[Opening GIVEN INFORMATION section]

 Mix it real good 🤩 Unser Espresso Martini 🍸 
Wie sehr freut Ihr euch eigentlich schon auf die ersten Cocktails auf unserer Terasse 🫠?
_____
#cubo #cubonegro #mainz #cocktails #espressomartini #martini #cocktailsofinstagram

[Closing GIVEN INFORMATION section]
[Opening GIVEN INFORMATION section]

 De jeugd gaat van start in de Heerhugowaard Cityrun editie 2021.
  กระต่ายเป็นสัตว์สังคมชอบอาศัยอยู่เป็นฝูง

[Closing GIVEN INFORMATION section]

- **ACTIVITY**
Look above for the line containing "De jeugd gaat". Output from there through the line containing "กระต่ายเป็นสัต", exactly and inclusively.

- **TASK RESULT**
 De jeugd gaat van start in de Heerhugowaard Cityrun editie 2021.
  กระต่ายเป็นสัตว์สังคมชอบอาศัยอยู่เป็นฝูง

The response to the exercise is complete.